Chapter 1. Getting Ready with Predictive Analytics
Analytics, predictive analytics, and data visualization are trendy topics today. The reasons are:
- Today a lot of internal and external data is available
- Technology to use this data has evolved a lot
- It is commonly accepted that there is a lot of value that can be extracted from data
As in many trendy topics, there is a lot of confusion around it. In this chapter, we will cover the following concepts:
- Introducing the key concepts of the book and tools we're going to use
- Defining analytics, predictive analytics, and data visualization
- Explaining the purpose of this book and the methodology we'll follow
- Covering the installation of the environment we'll use to create examples of applications in each chapter
After this chapter, we'll learn how to use our data to make predictions that will add value to our organizations. Before starting a data project, you always need to understand how your project will add value to the organization. In an analytics project, the two main sources of value are cost reduction and revenue increase. When you're working on a fraud detection project, your objective is to reduce fraud; this will lead into a cost reduction that will improve the margin of the organization. Finally, to understand the value of your data solution, you need to evaluate the cost of your solution. The real value added to an organization is the difference between the provided value and the total cost.

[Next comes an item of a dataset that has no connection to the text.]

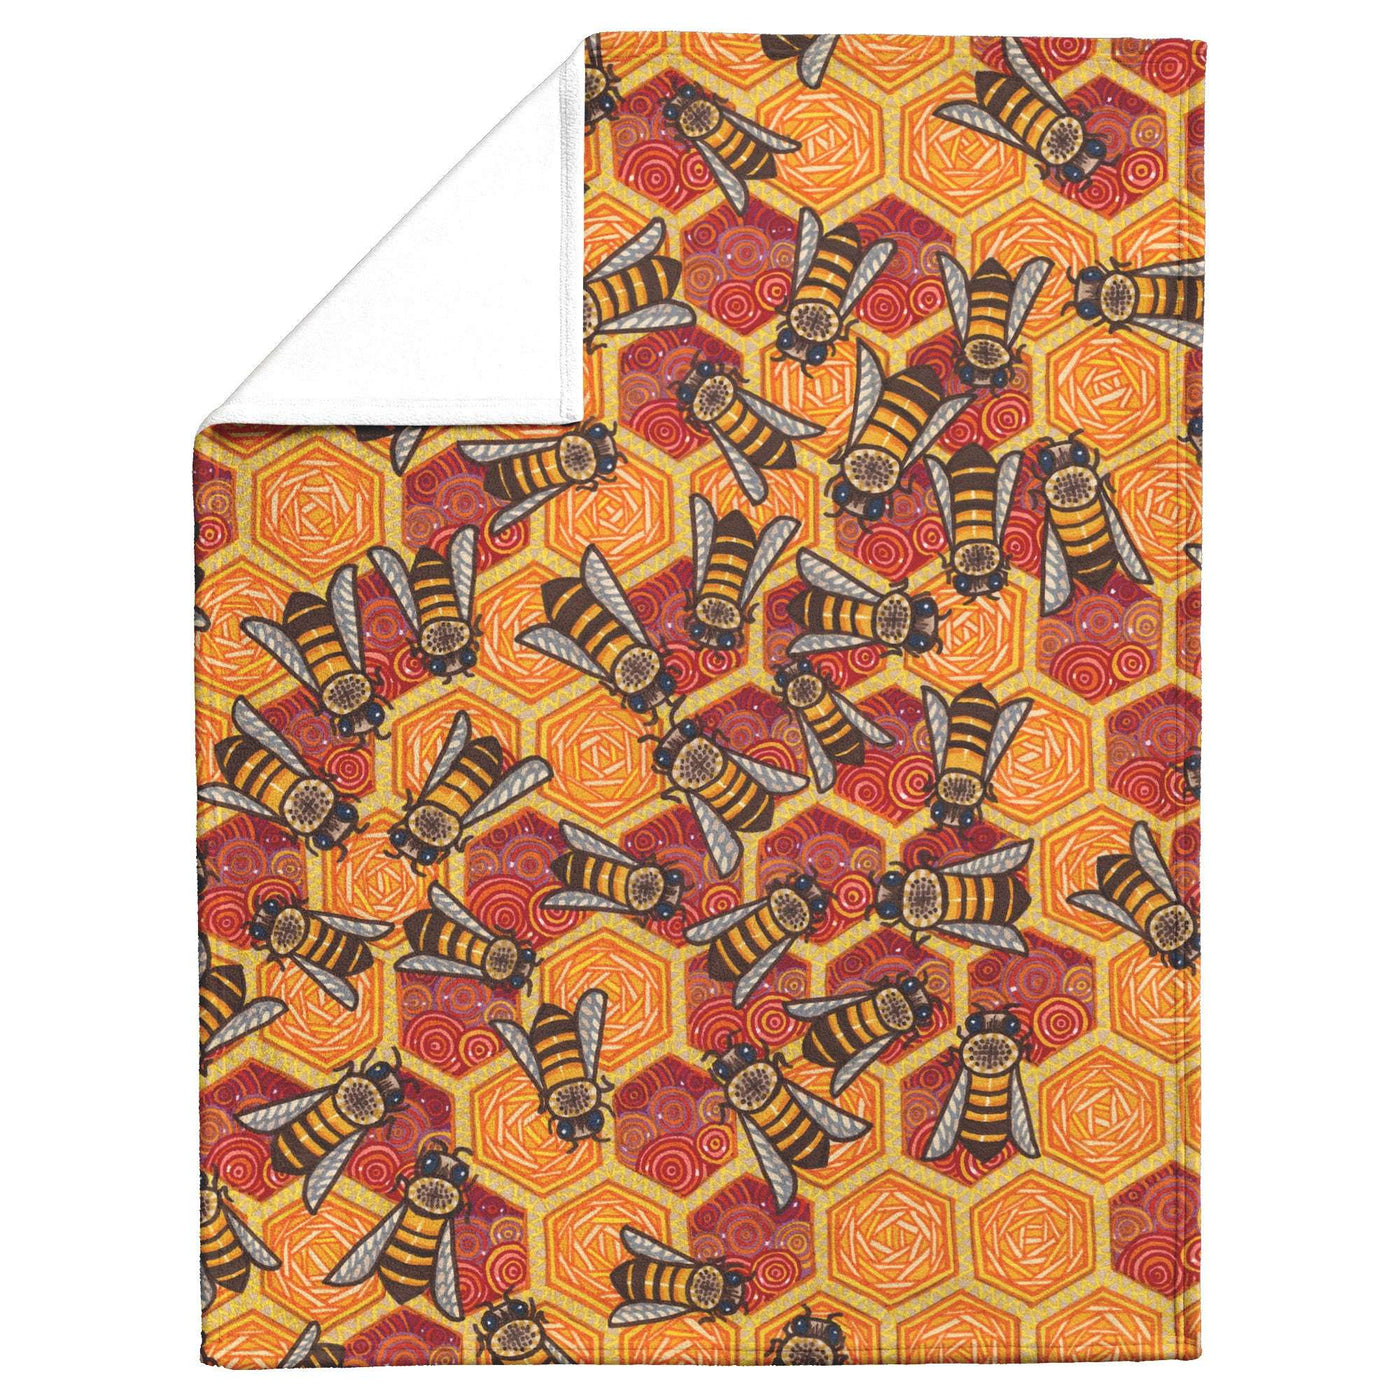 A blanket with a decorative pattern featuring bees and hexagonal shapes in shades of orange and brown, one corner is folded to show the fleece texture

Working with data to create predictive solutions sounds very glamorous, but before that we'll learn how to use Rattle to load data, to avoid some problems related to the quality of the data, and to explore it. Rattle is a tool for statisticians, and, sometimes, we need a tool that provides us with a business approach to data exploration. We'll learn how to use Qlik Sense Desktop to do this.
After learning how to explore and understand data, we'll now learn how to create predictive systems. We'll divide these systems into unsupervised learning methods and supervised learning methods. We'll explain the difference later in this book.
To achieve a better understanding, in this book we'll create three different solutions using the most common predictive techniques: Clustering, Decision Trees, and Linear Regression.
To present data to the user, we need to create an application that helps the user to understand the data and take decisions; for this reason we'll look at the basics of data visualization. Data Visualization, Predictive Analytics and most of the topics of this book are huge knowledge areas. In this book we'll introduce you to these topics and at the end of each chapter you will find a section called Further learning where you will find references to continue learning.